Small shops can survive against megastores …

Some years ago a colleague of mine from the University of Urbino and I ran an interesting research project about the expected future for small shops.

As a curious consumer, I totally support what that research revealed. In essence, small shops have to evolve in a managerial way. They cannot end up being just a small version of a supermarket or department store.

Not only do they differ in how much space they can use to sell their products, but, in more general terms, they can use a completely different toolkit when dealing with their customers.

Indeed, small shops have to decide their location, their product range (focal issue) and their pricing strategy so as to be perceived by customers as a better choice, not just a fallback compared to bigger retailers.

If we look at aspects such as the wideness of the product range or promotions, small shops cannot actually compete with bigger retailers.

So, how can small retailers compete against larger ones?

First, they can gain value from their close relationship with customers.

It can be quite distressing when you feel like a mere “number” as you go from section to section in a supermarket, isn’t it? You feel like you are in a sort of “assembly line”…

Sure, megastores provide you with a vast number of amenities and services, such as flexibility in terms of opening and closing times, car park areas and so on.

However, is all that enough?

Second, product range (and, as a related aspect, pricing).
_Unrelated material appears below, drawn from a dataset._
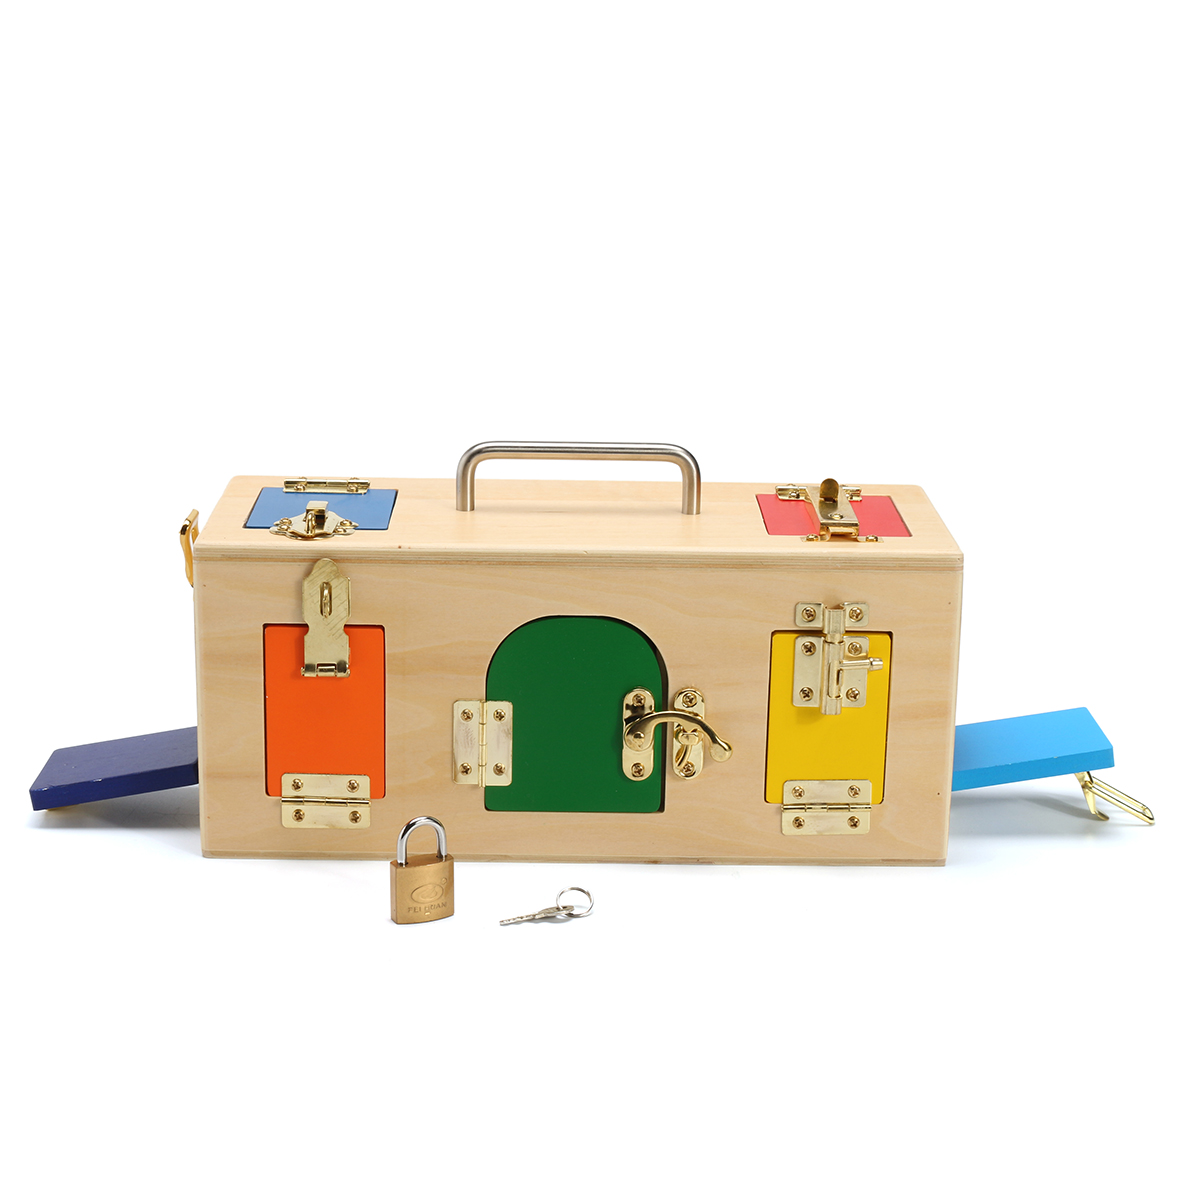 Kids-Life-Skill-Learning-Wooden-Montessori-Practical-Wood-Lock-Box-Educational-Science-Toys-1392942-5
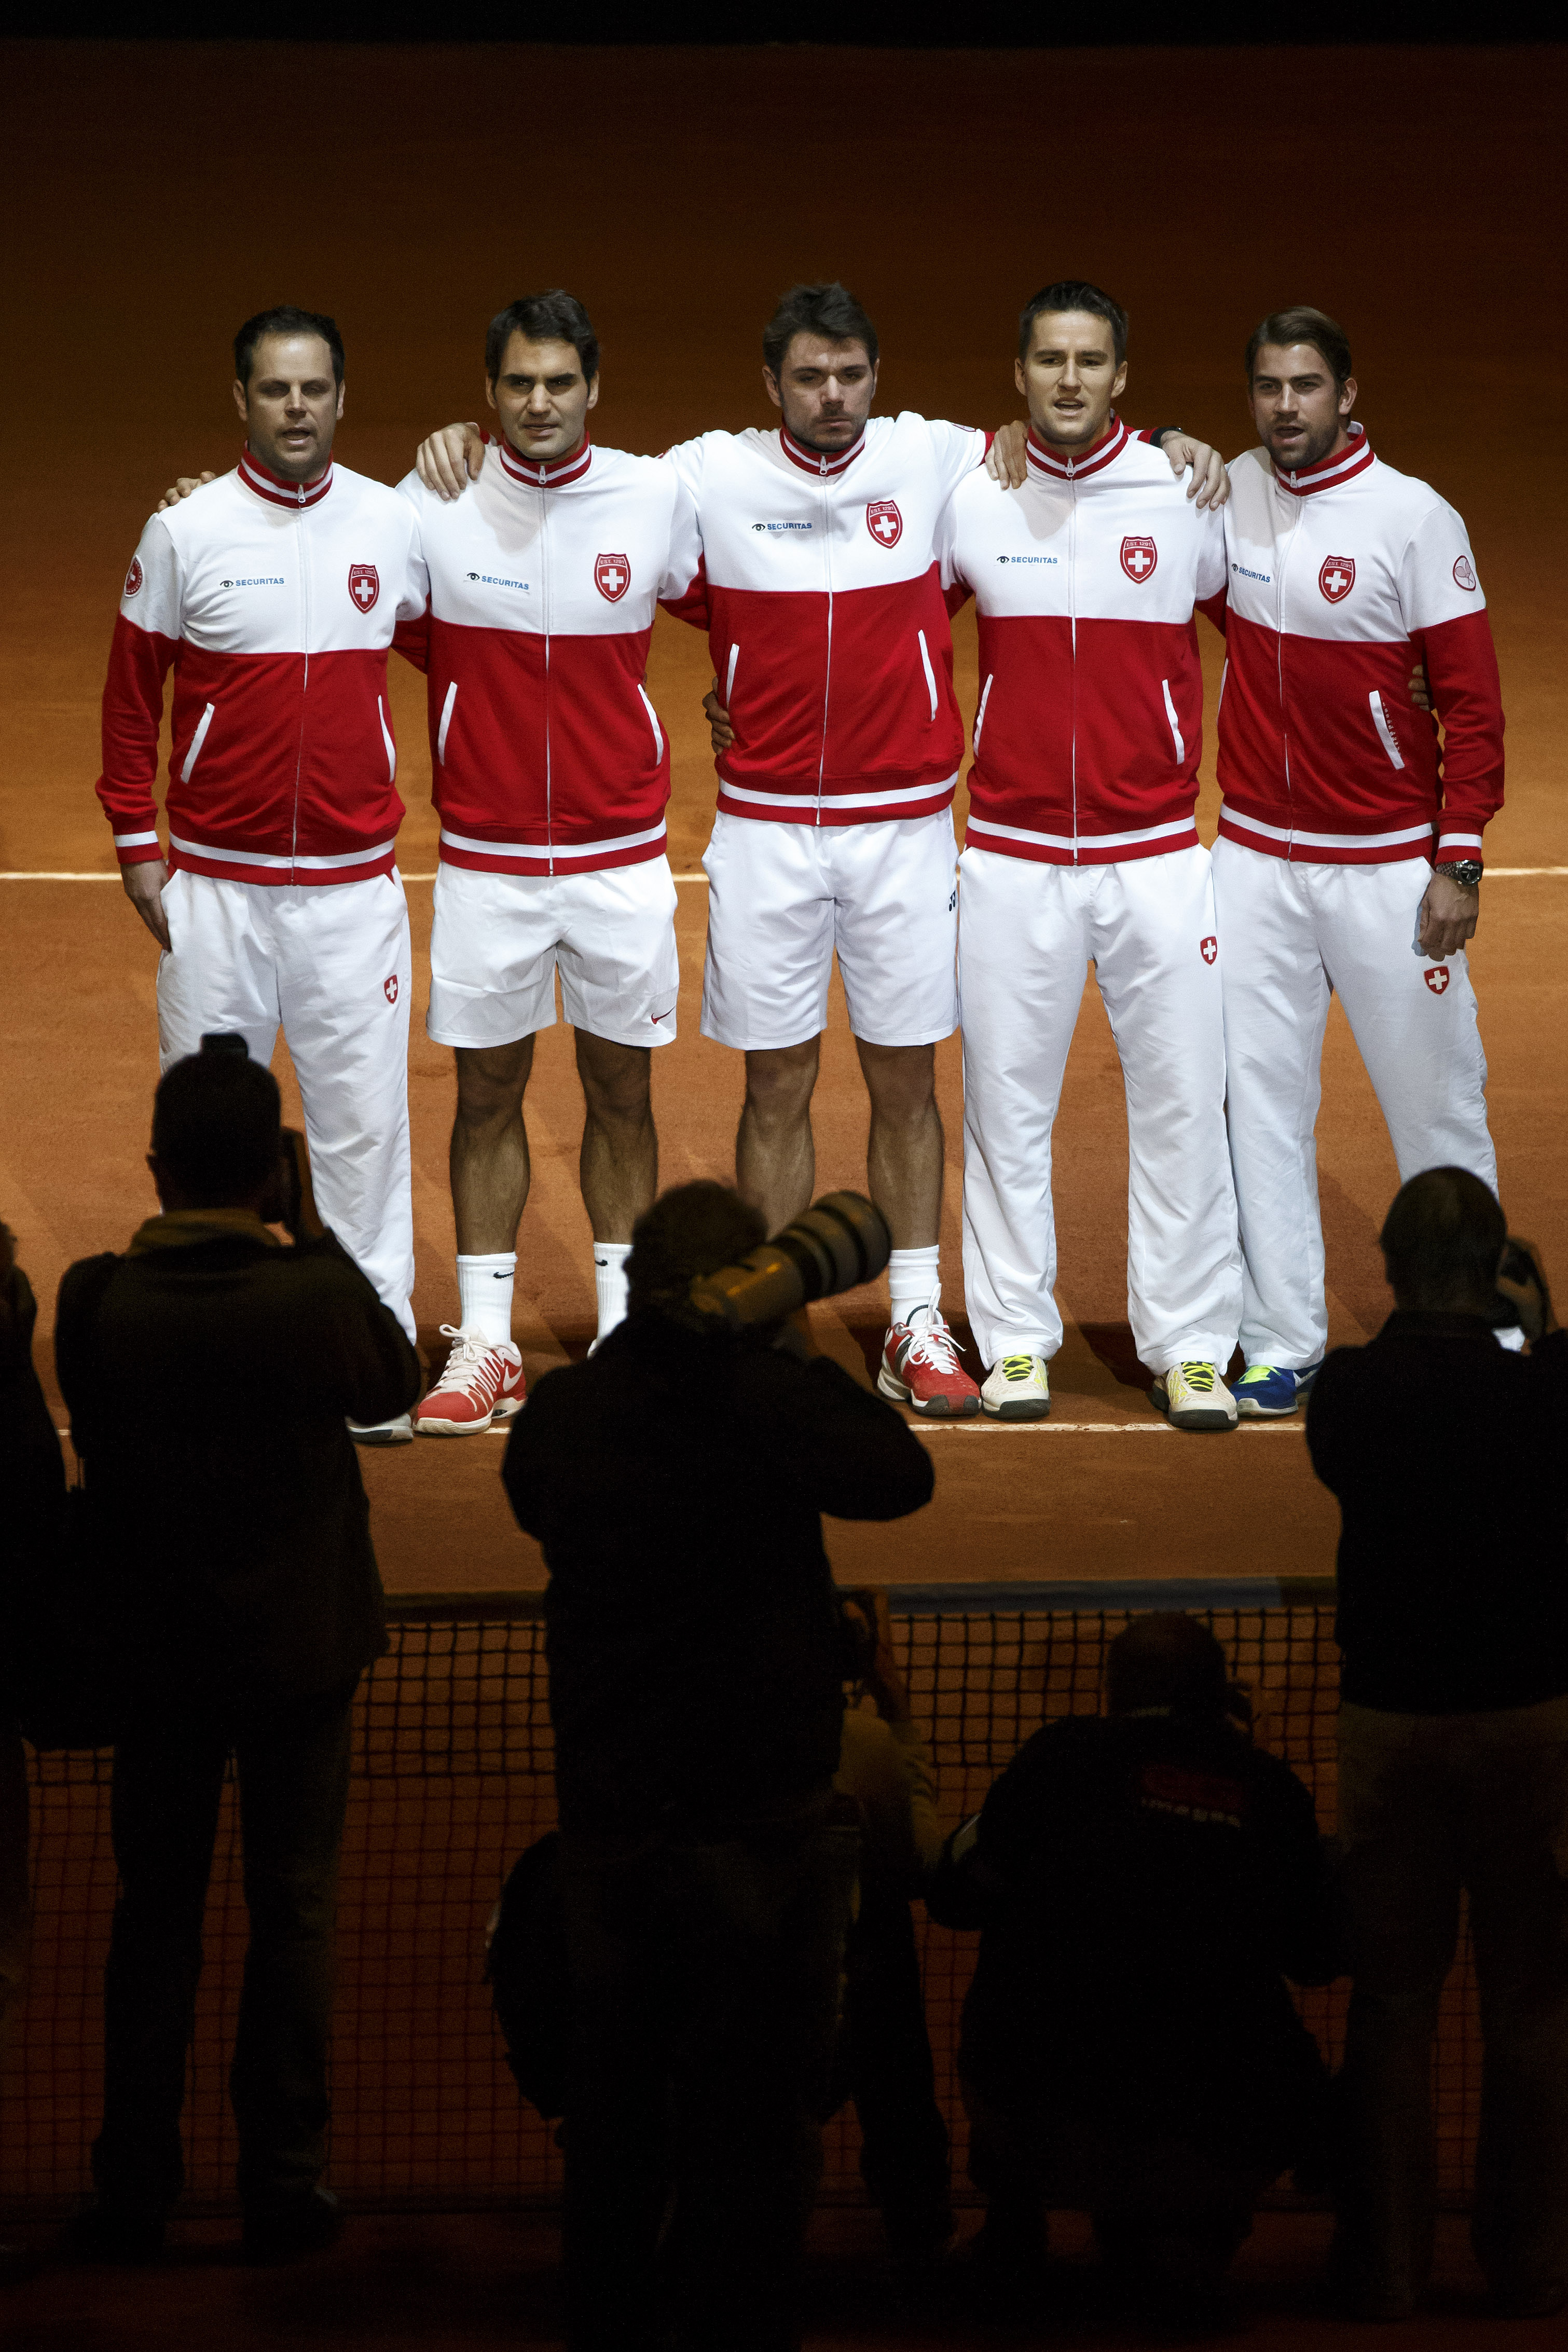 Swiss Davis Cup Team: from left to right, Swiss Davis Cup Team captain Severin Luethi, Roger Federer, Stan Wawrinka, Marco Chiudinelli, Michael Lammer, sing the Swiss anthem, during the ceremony prior the double match of the Davis Cup Final between France and Switzerland, at the Stadium Pierre Mauroy in Lille, France, Saturday, November 22, 2014. (KEYSTONE/Salvatore Di Nolfi)

If a small shop proposes the same product that a big retailer does, it is a foregone conclusion that it will fail. In fact, a bigger retailer can usually rely on better conditions in terms of prices due to its stronger influence over suppliers.

So, for example, I expect my favorite cheese and charcuterie vendor to propose a selection of genuine and top-quality local products, along with a few famous brands (that cannot be missing in his or her product range).
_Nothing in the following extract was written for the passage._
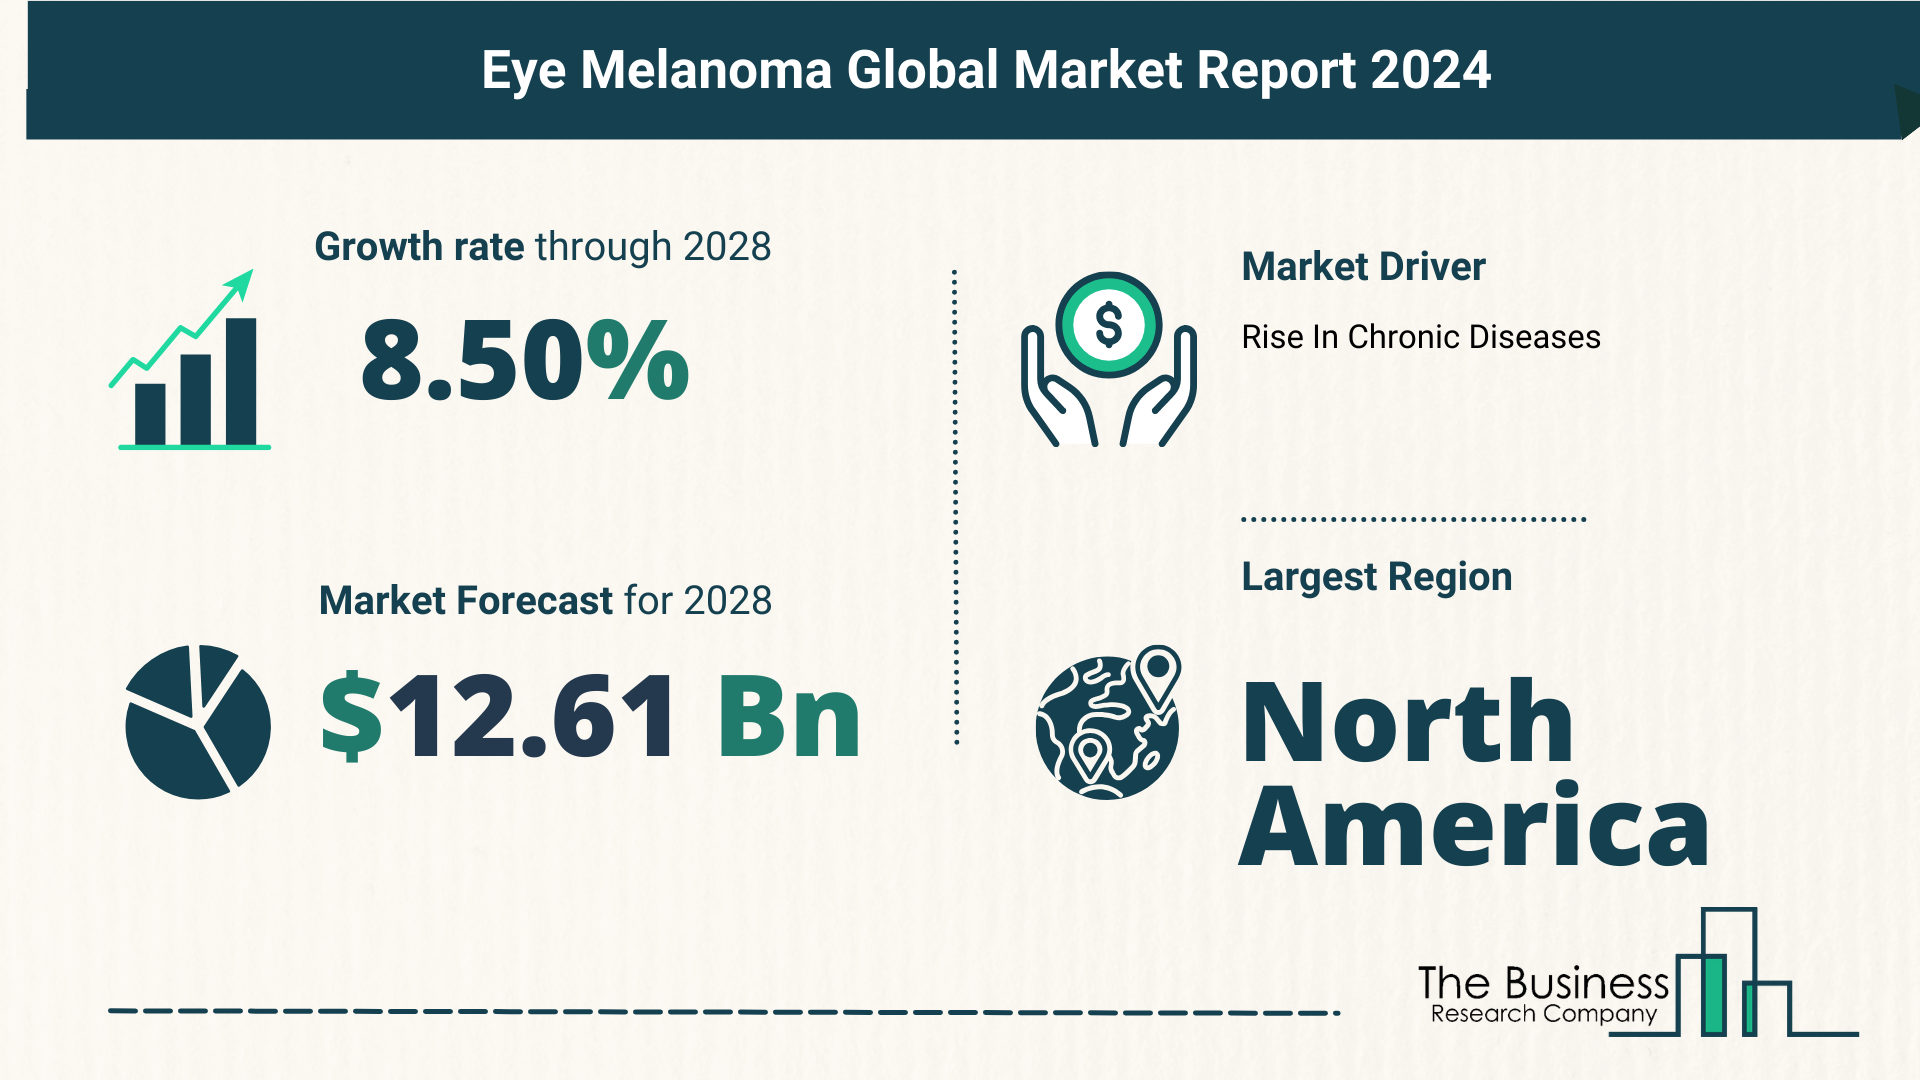 Key Trends And Drivers In The Eye Melanoma Market 2024

These artisanal products are often marvelous ones, but they are also unknown to the vast majority of consumers. In Italy we have innumerable items like these. They are produced  by small companies which tend to be as skillful at making the product as they are  ineffective at promoting themselves.

When this speciality foods vendor behaves this way, he or she plays his or her original role of “counselor” for the customers, so that they can not only eat well (better) but also enjoy uncommon specialties.

All told, prices do not necessarily have to be the lowest, even if they should be reasonable. This way, consumers will no longer focus on brand loyalty, because they will put their attention more on store loyalty.

In order for this to happen, merchants need specific skills, above all in terms of scouting for suppliers and communication.

In fact, without the “support” of well-known brands, consumers need to be guided towards the “right choice”. They need to be persuaded and reassured.

We can now offer some considerations on local markets. Nowadays, they tend to offer only cheap products. However, they could regain a crucial role in contemporary urban retailing systems.

Moreover, there are also many local indoor markets, as in the case of Cagliari (Sardinia). They may also represent tourist attractions.

This is strictly connected to the theme of Town Center Management, that we already discussed.

So, what is next for small retailers?

What’s sure is that they will have to act proactively, by making brave choices.